Part A, hospitalization, is provided without a premium but with a $1,408 Deductible (2020) per admission diagnosis (not per year)

Part B, outpatient and Dr. Bills. Premium (for most except very low and very high household income) of $144.60/month, taken automatically from your Social Security or you pay if not receiving SS. A $198 deductible per calendar year and then a 20% copay on Medicare allowable charges

Medicare Supplement (or Medigap) is private insurance with standard coverages for plans A through N, that cover some-to-all of what Medicare allows but does not cover. Premiums run from $20 or so for A plans up through $150 - $250 for the F plan (the most comprehensive), although this will vary by your location and how the premium is determined by age. All these private plans are 'guraranteed issue' meaning they have to take you on initial enrollment, but may deny coverage if you delay enrollment. These rules vary by state.

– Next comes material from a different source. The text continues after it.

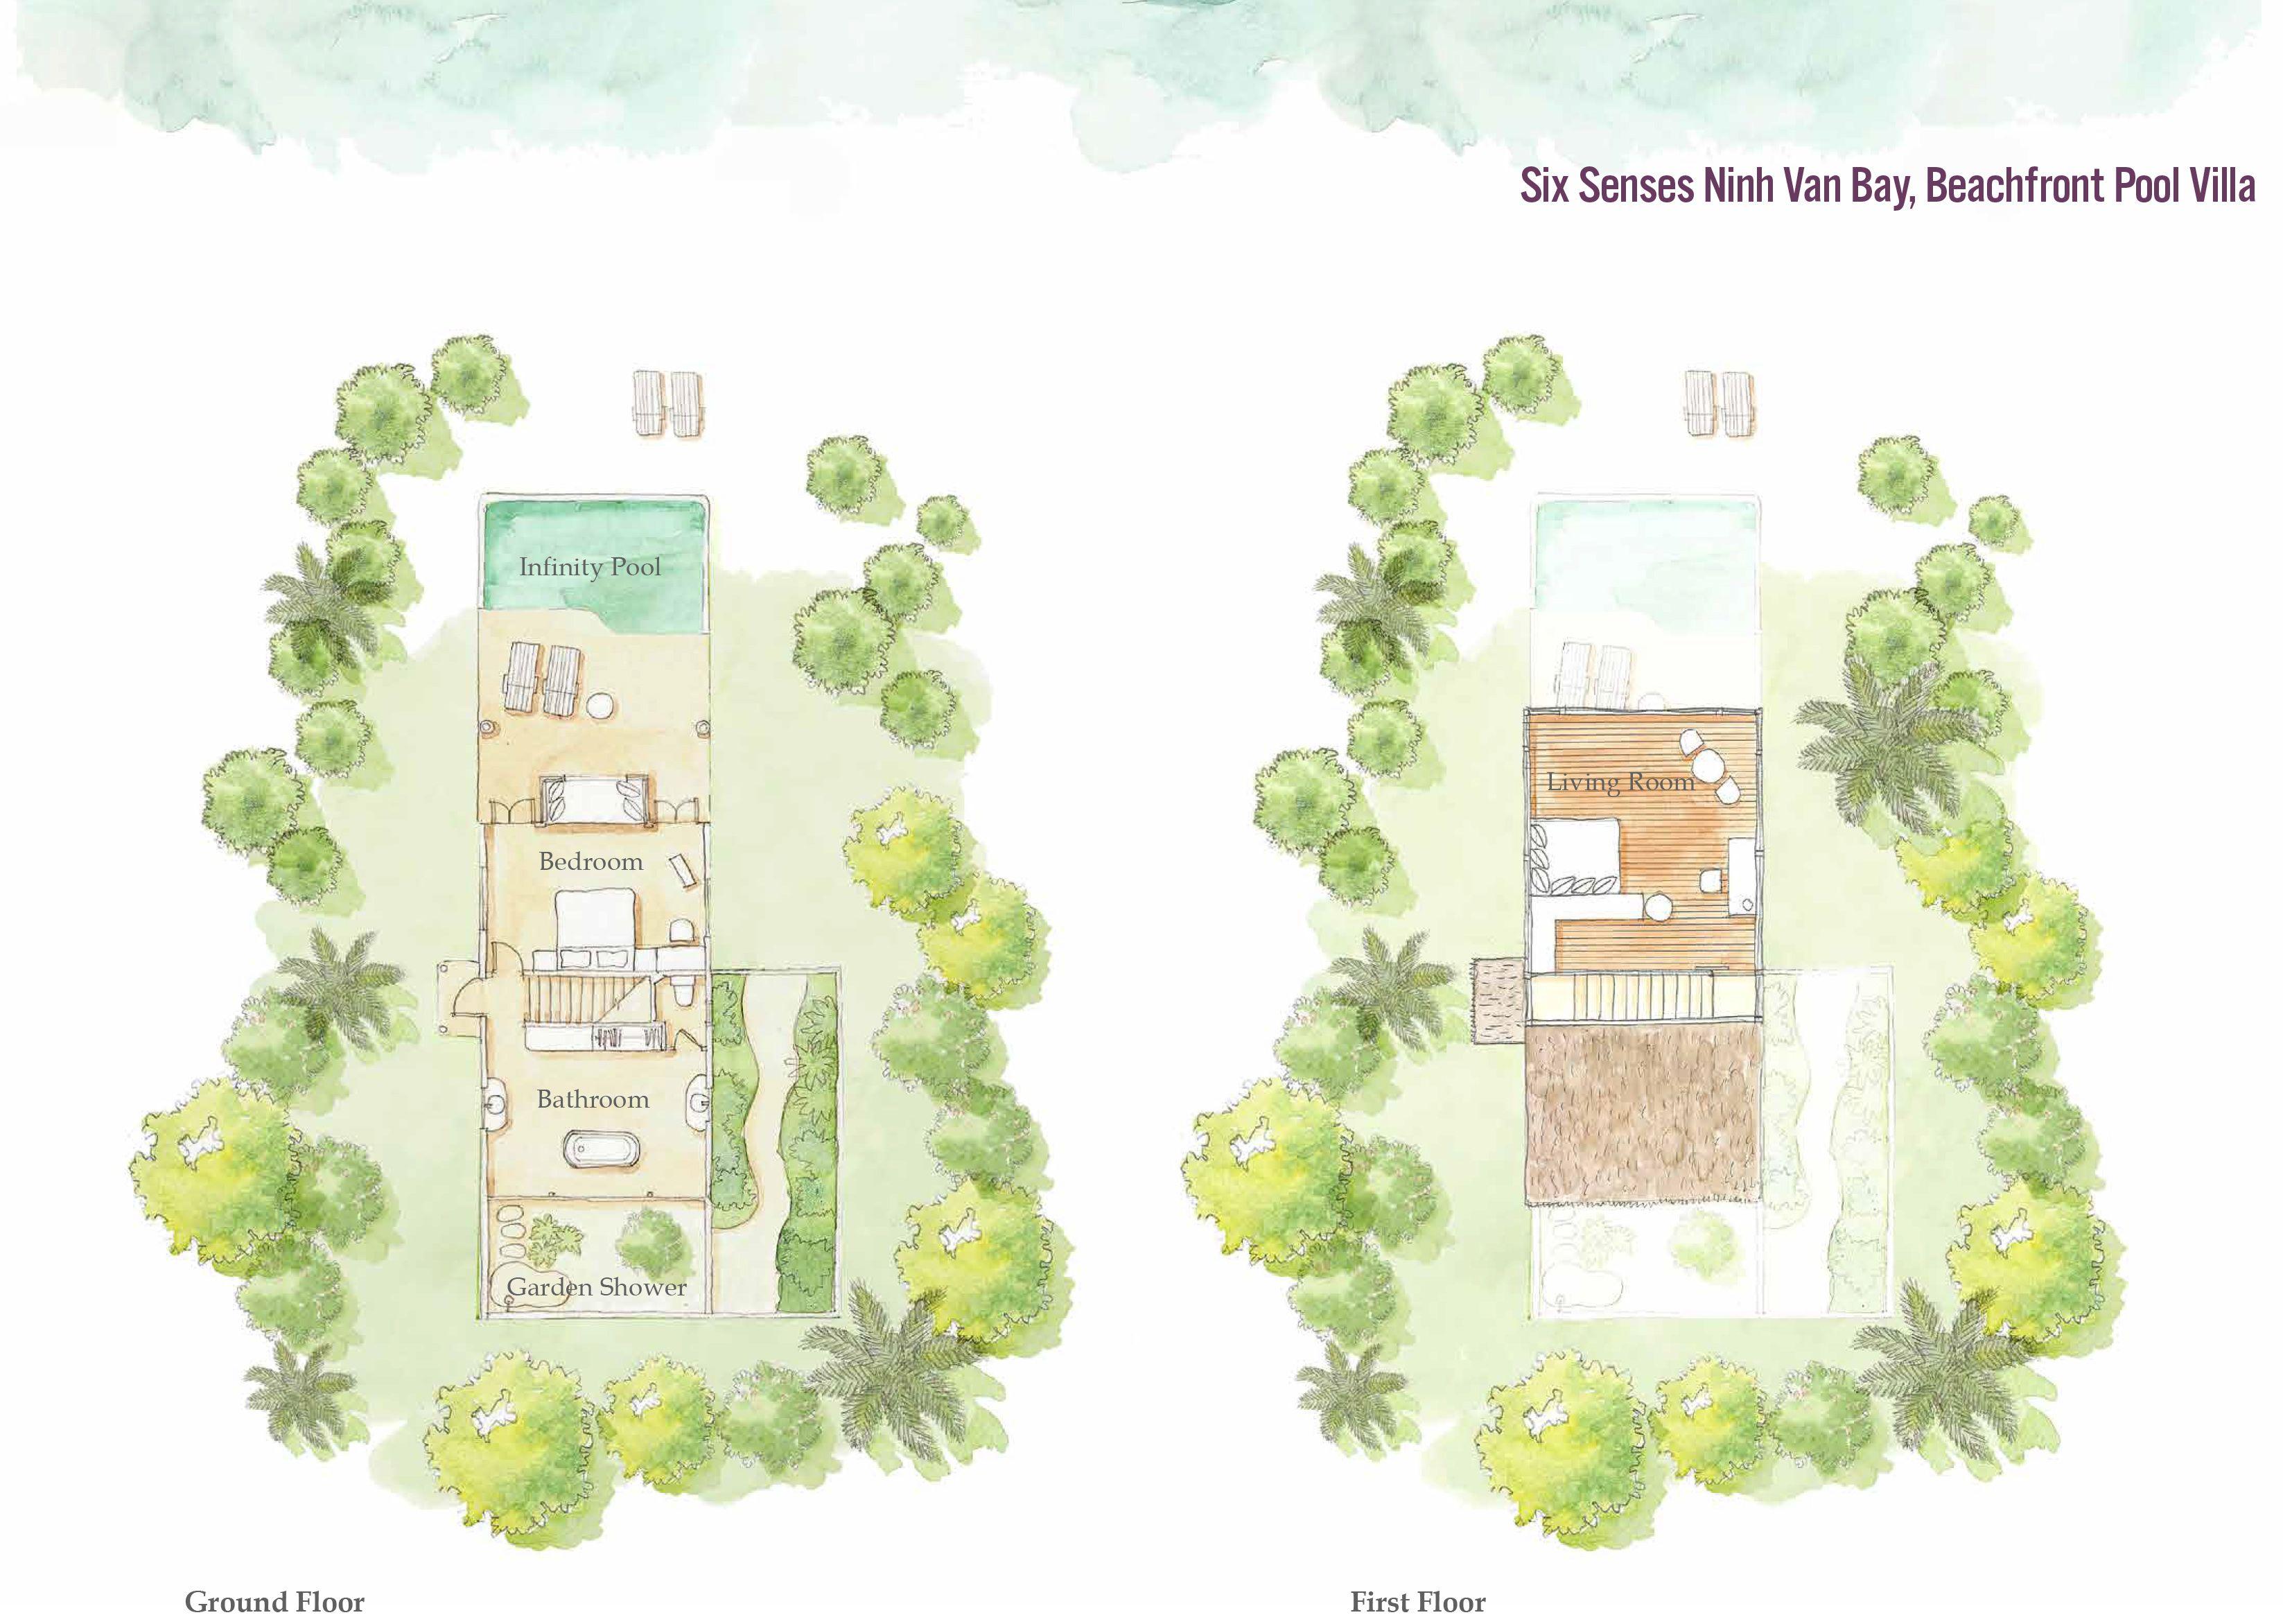 Six Senses Ninh Van Bay Beachfront Pool Villa フロア

Part D plans for drug coverage. Like part B, you can elect not to enroll, but later enrollment will carry a penalty. Plans vary from basic coverage for around $20/month up to expensive for plans that cover most or all drug costs. Varies widely by state.

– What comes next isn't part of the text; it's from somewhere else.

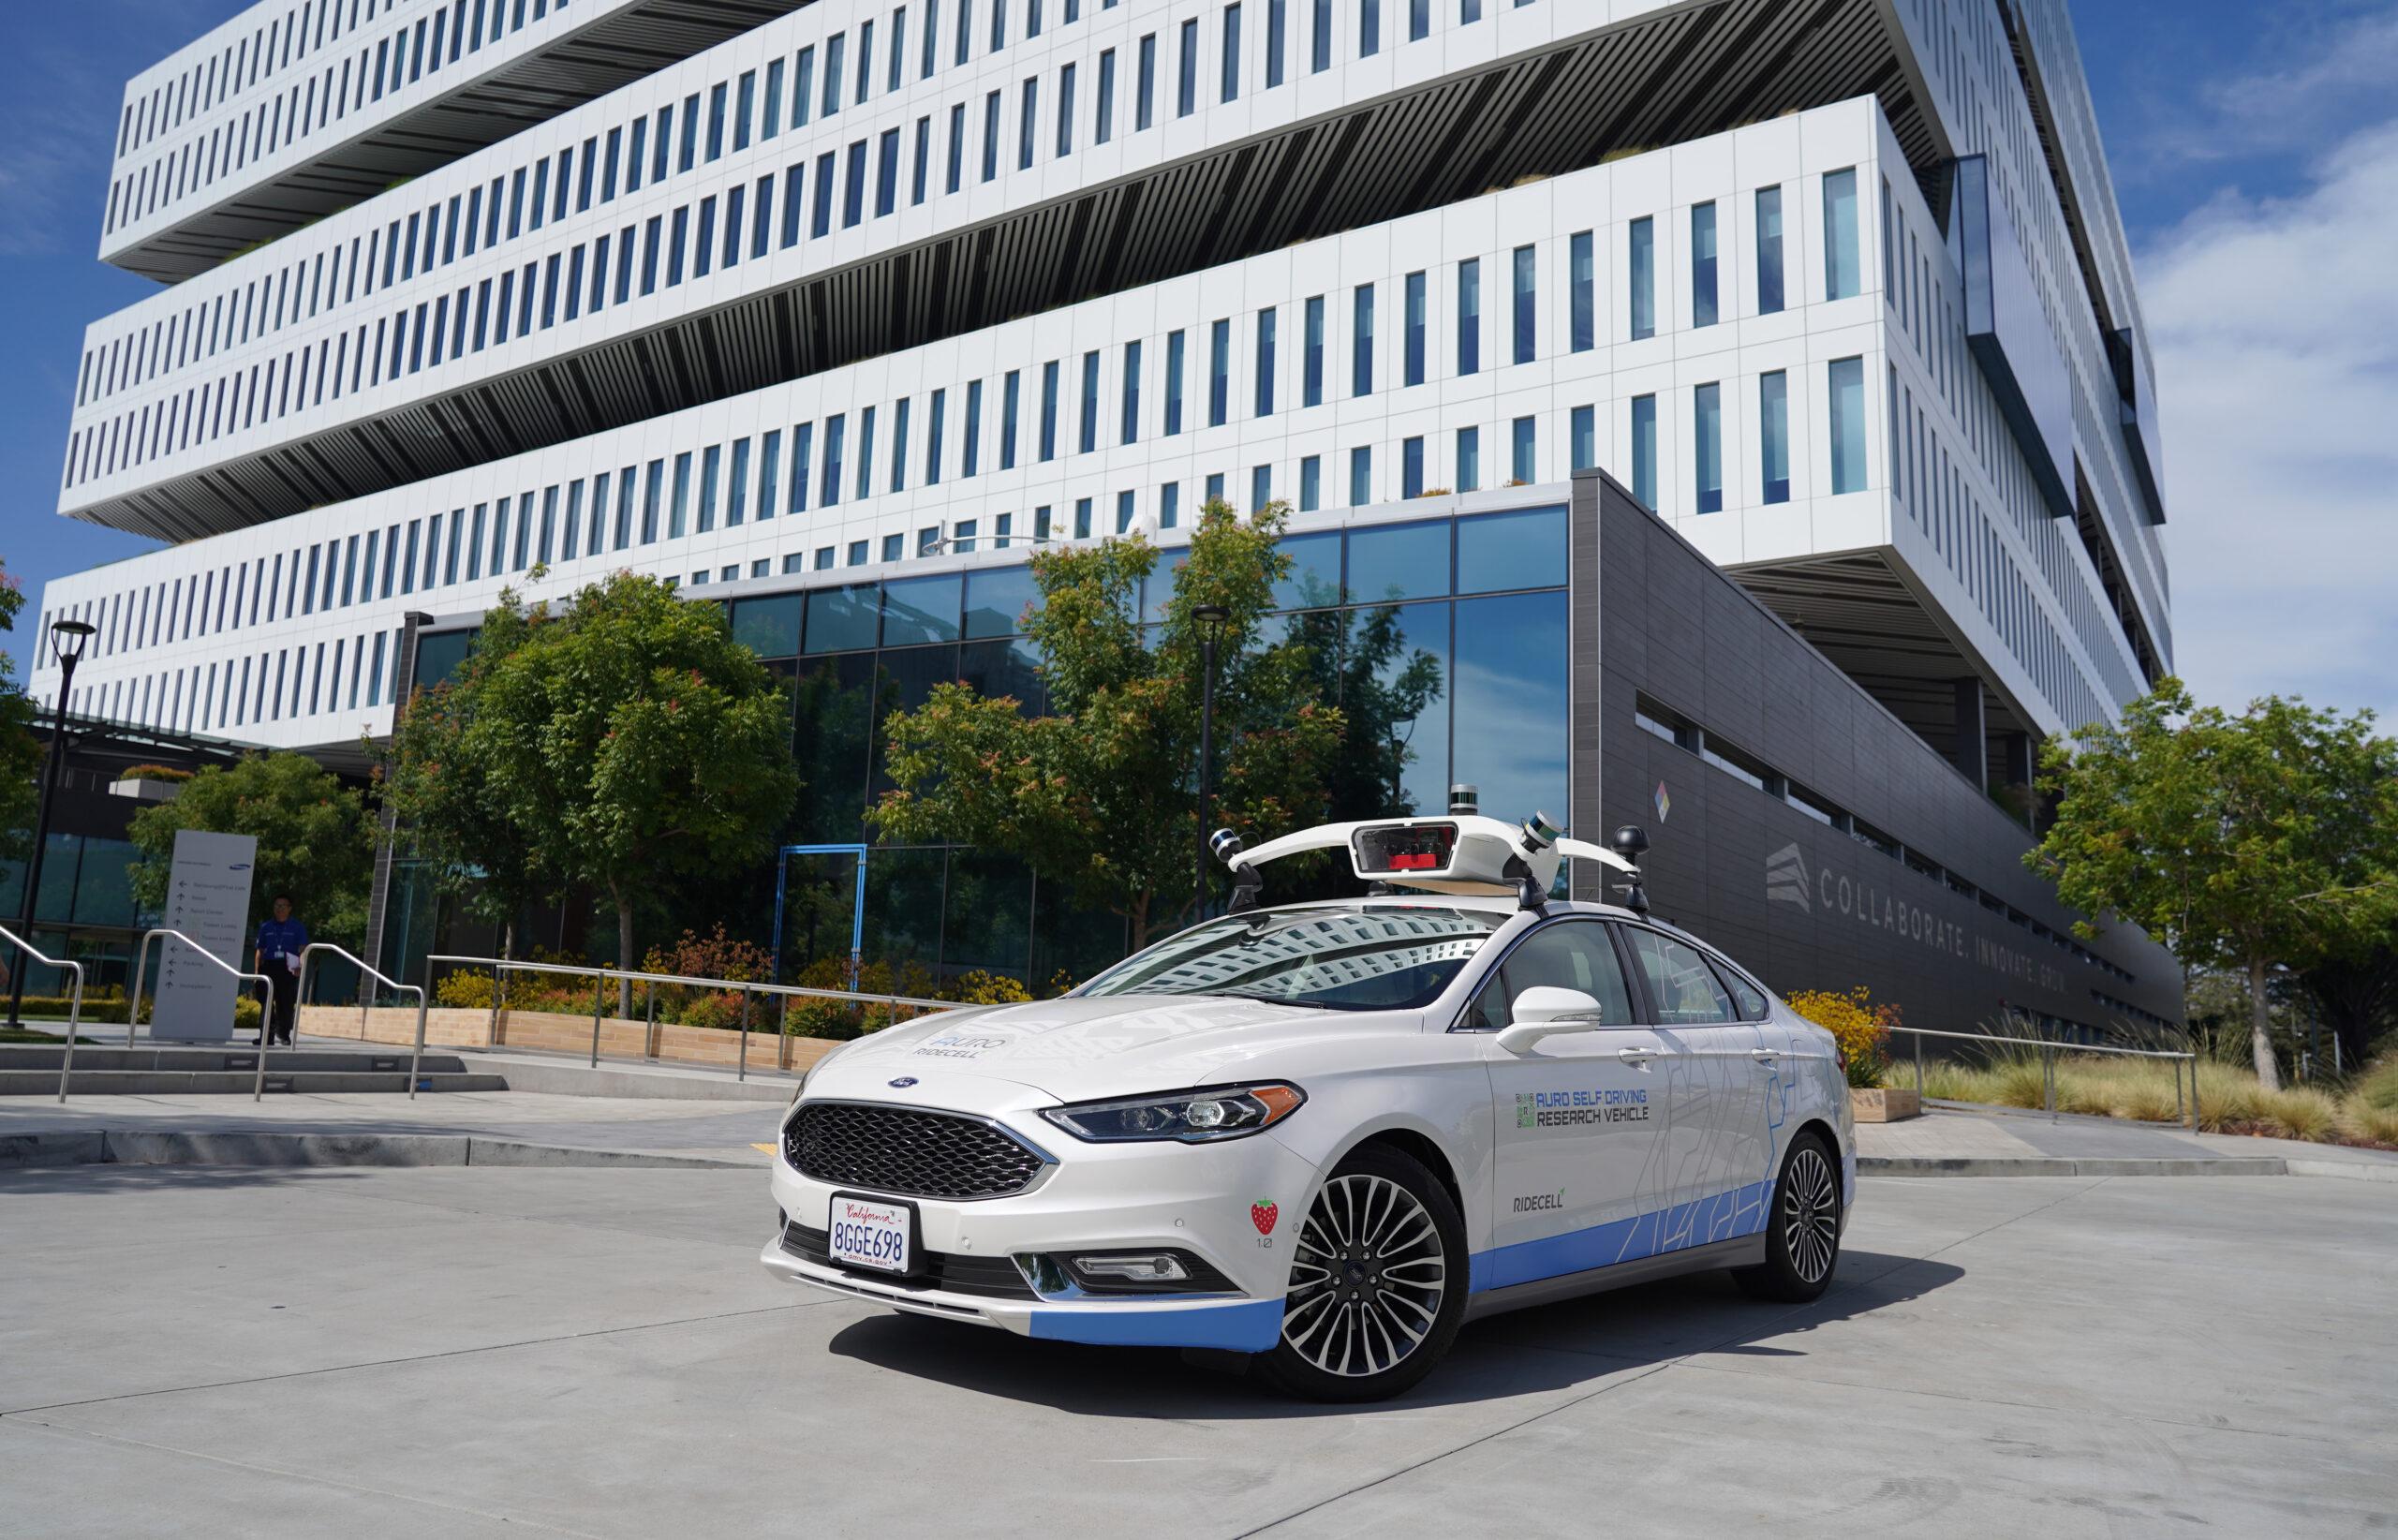 Ridecell Auro self-driving platform

Medicare Advantage (MA) Plans are the alternative to Medicare + Supplement + Part D. VERY IMPORTANT: when you choose an MA plan, Medicare is no longer the insurer...the plan is. You must follow the plan's rules for coverage. MA plans can be divided into 4 types: Group HMO, Point of Service (sometimes called Community) HMO, PPO and Fee For Service.

Group HMO: Kaiser Permanente is the standard here, although there are others. It owns the hospitals, clinics and most oupatient services. Monthly enrollment premium includes Part A, Part B and Part D coverages that are part of the plan and usually much less expensive than standard Medicare + coverages would be. But you must choose a primary care provider (physician) within the plan and almost all referrals must go through them, you must live in the plan's catchment area and cannot elect coverage outside the plan, unless you pay for it. (except emergency coverage which the plan covers)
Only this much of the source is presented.